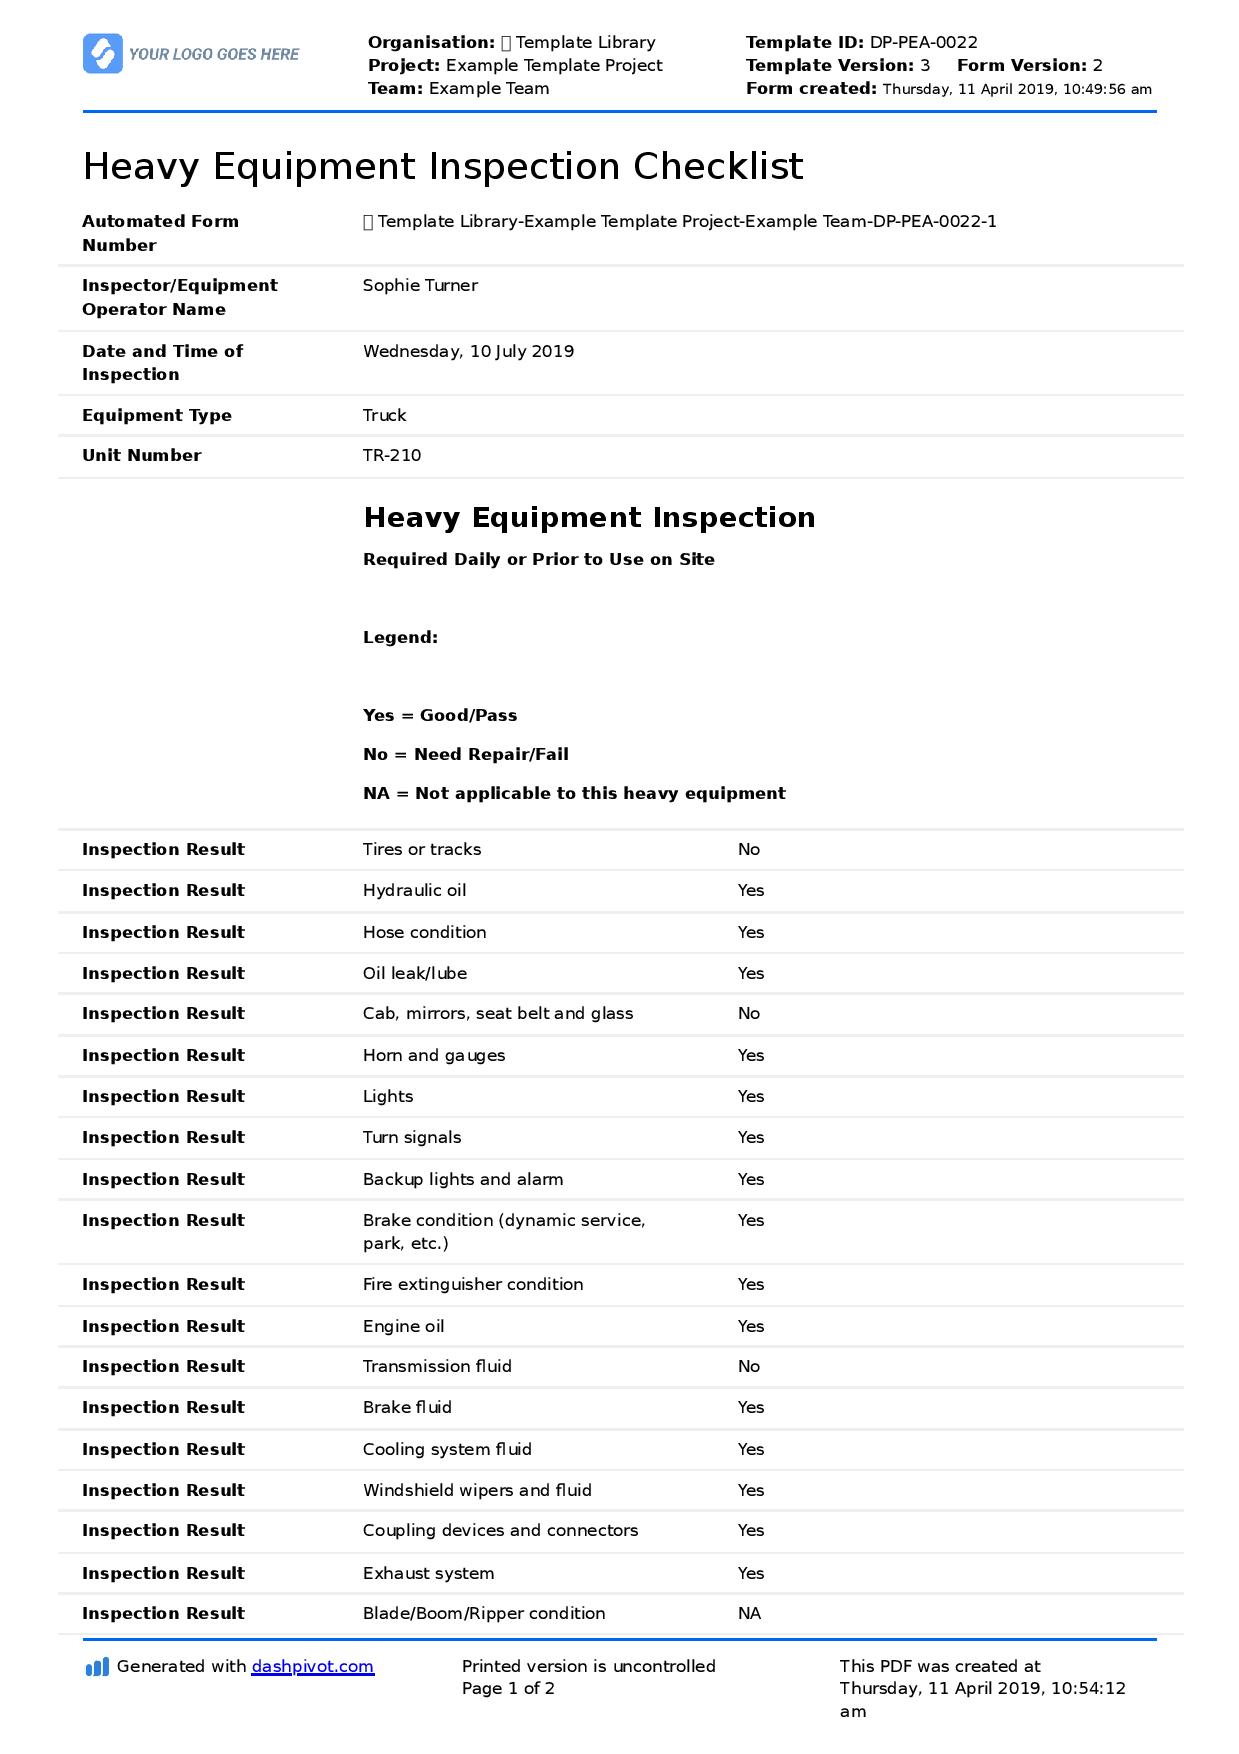 Heavy Equipment Inspection Checklist template (Free editable form) For Daily Equipment Checklist Template Within Daily Equipment Checklist Template
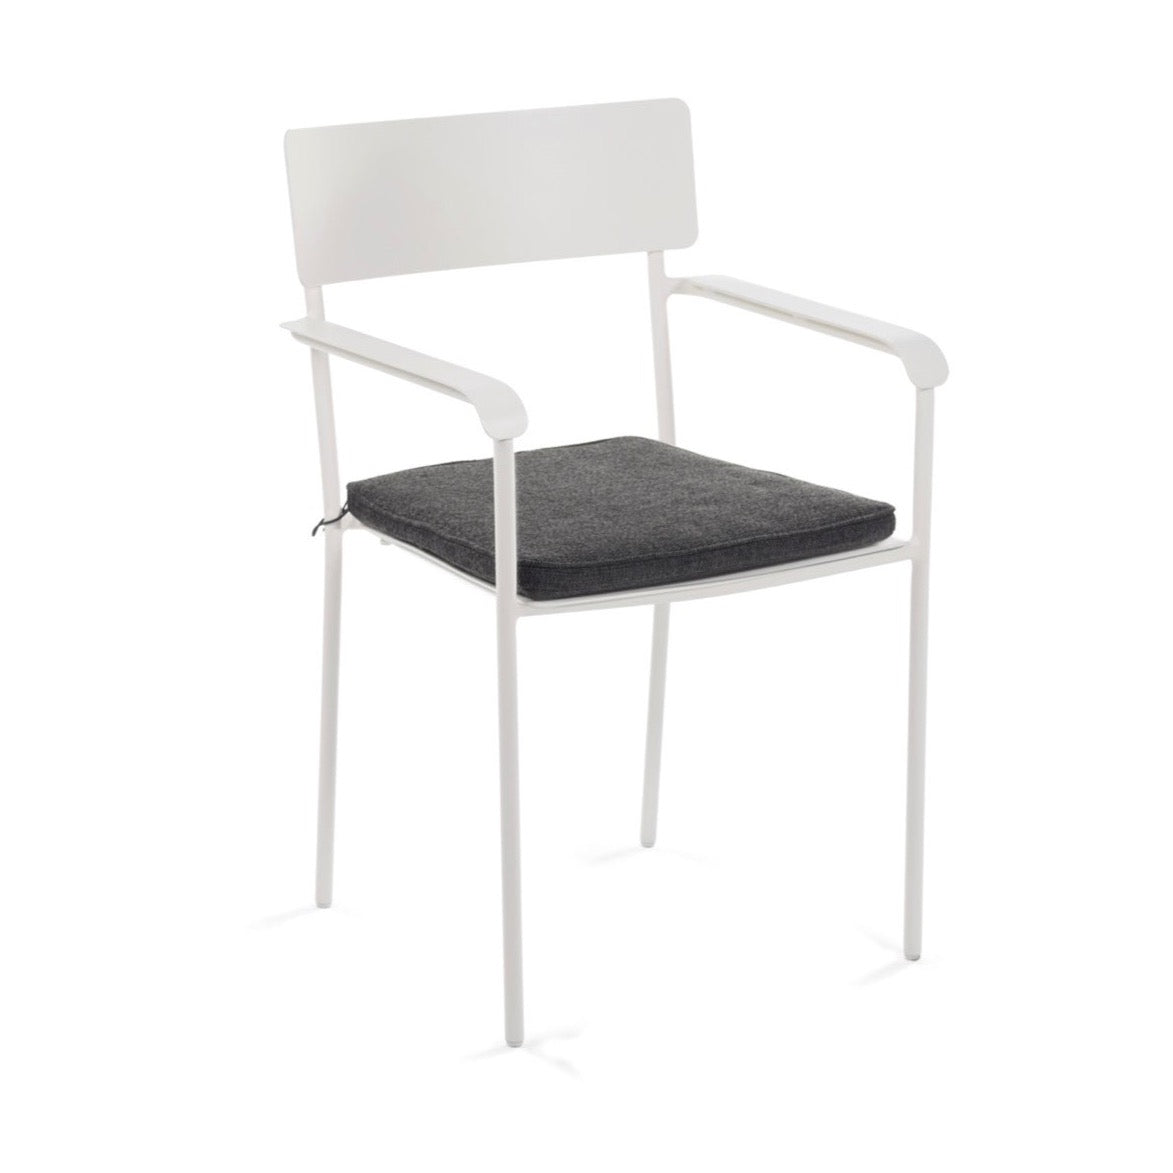 Serax August compact chair with armrests by Vincent Van Duysen set of 2
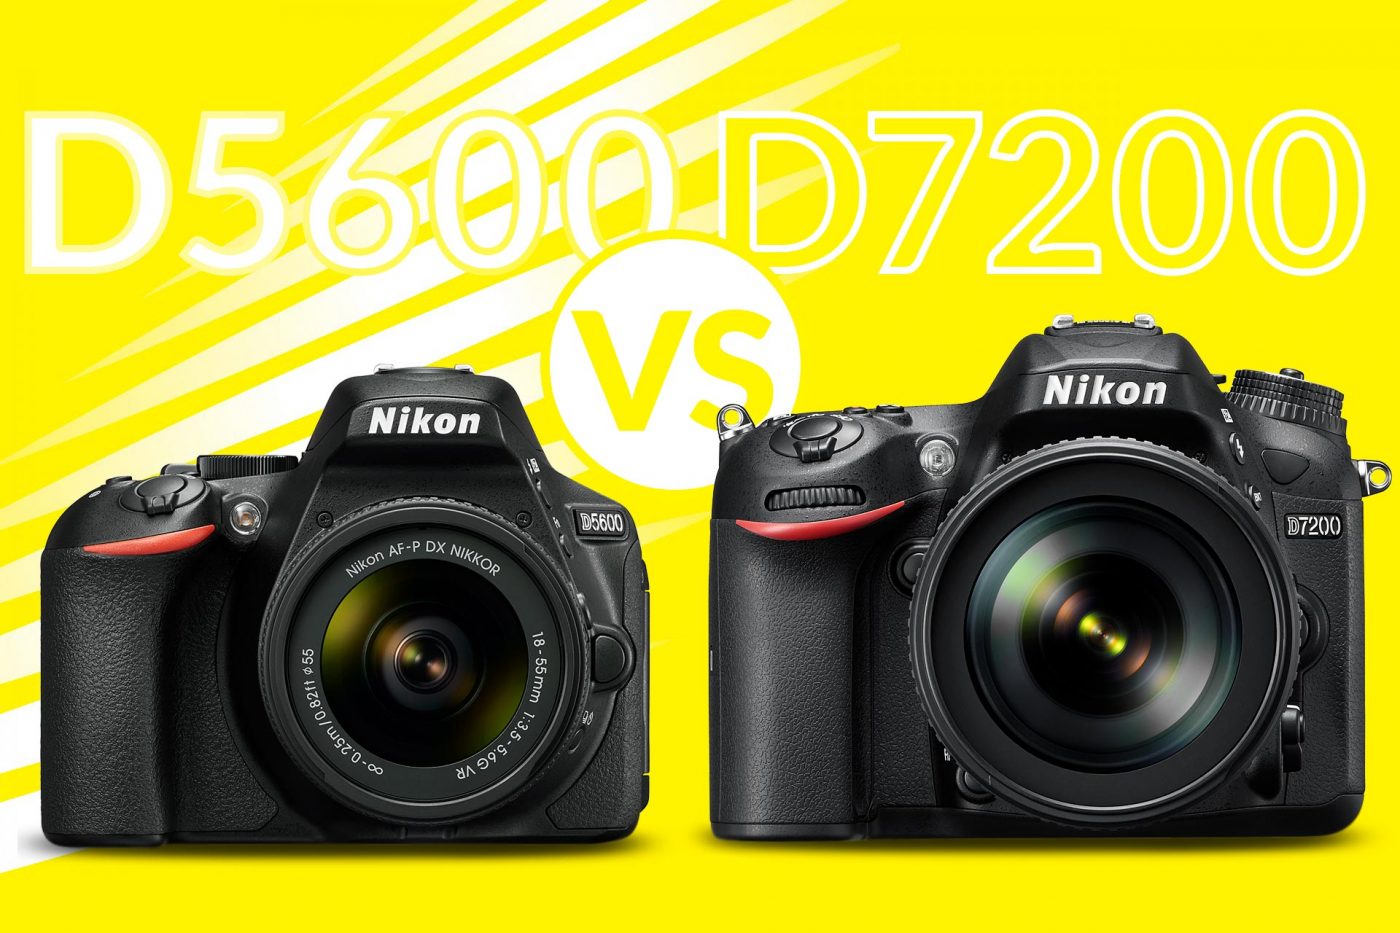 Nikon D5600 vs D7200: Which Should You Buy? - Light And Matter
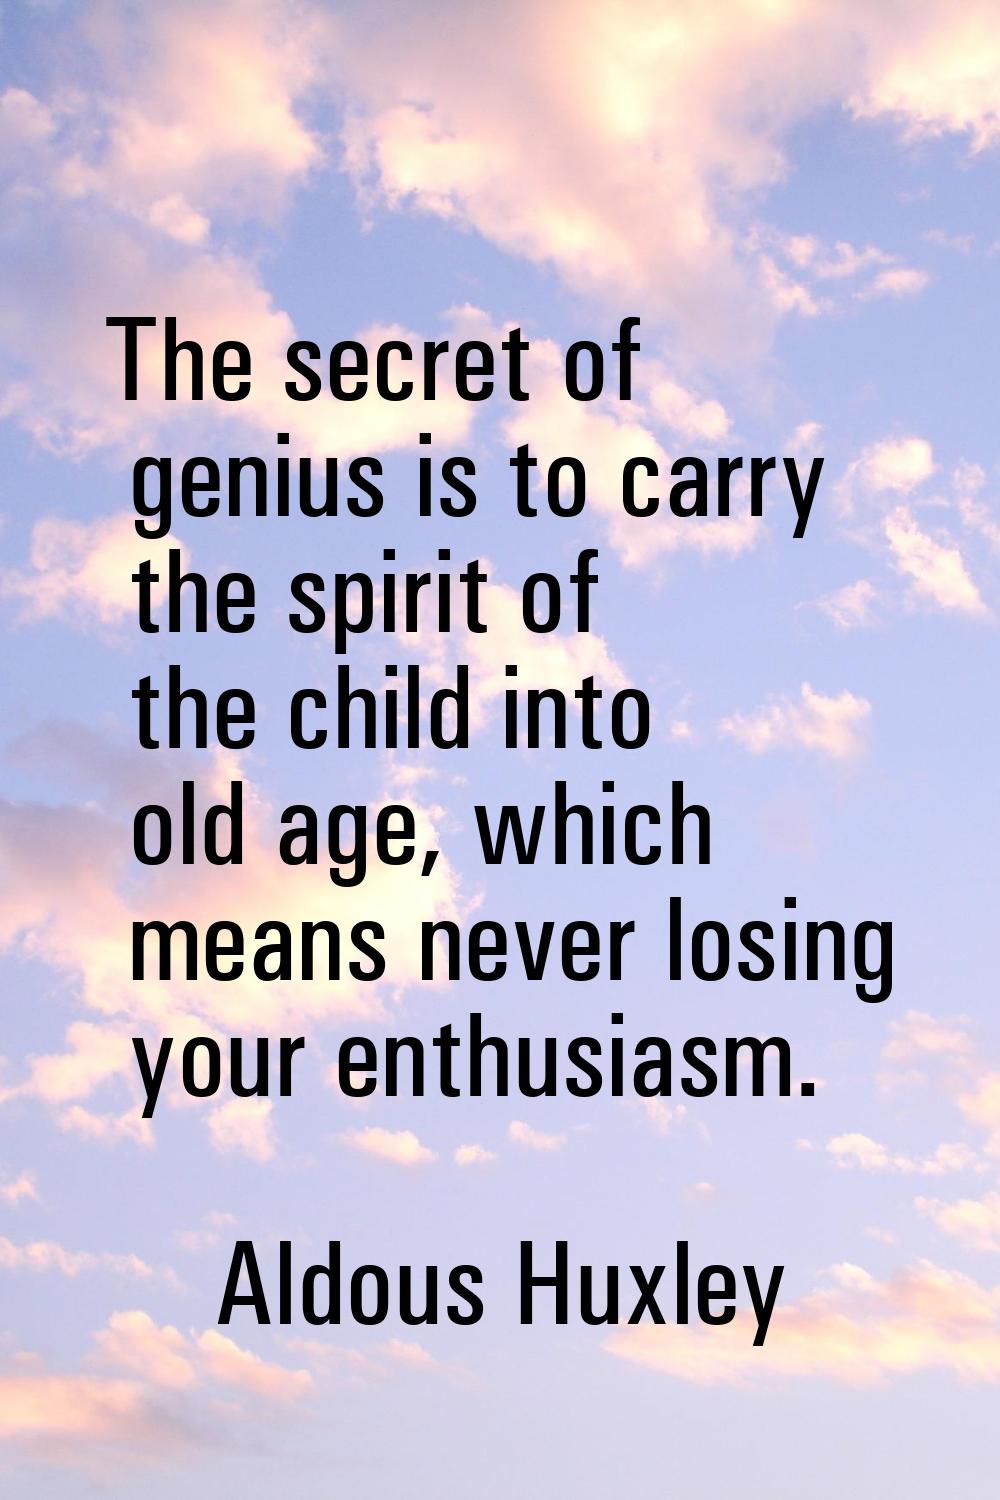 The secret of genius is to carry the spirit of the child into old age, which means never losing you

§

■ TASK STATEMENT ■
Beginning at the line containing "Nikon D5600 vs", restate every line through the end of the material above exactly; omit the pictures.

■ EXERCISE ANSWER ■
 Nikon D5600 vs D7200: Which Should You Buy? - Light And Matter
 The secret of genius is to carry the spirit of the child into old age, which means never losing you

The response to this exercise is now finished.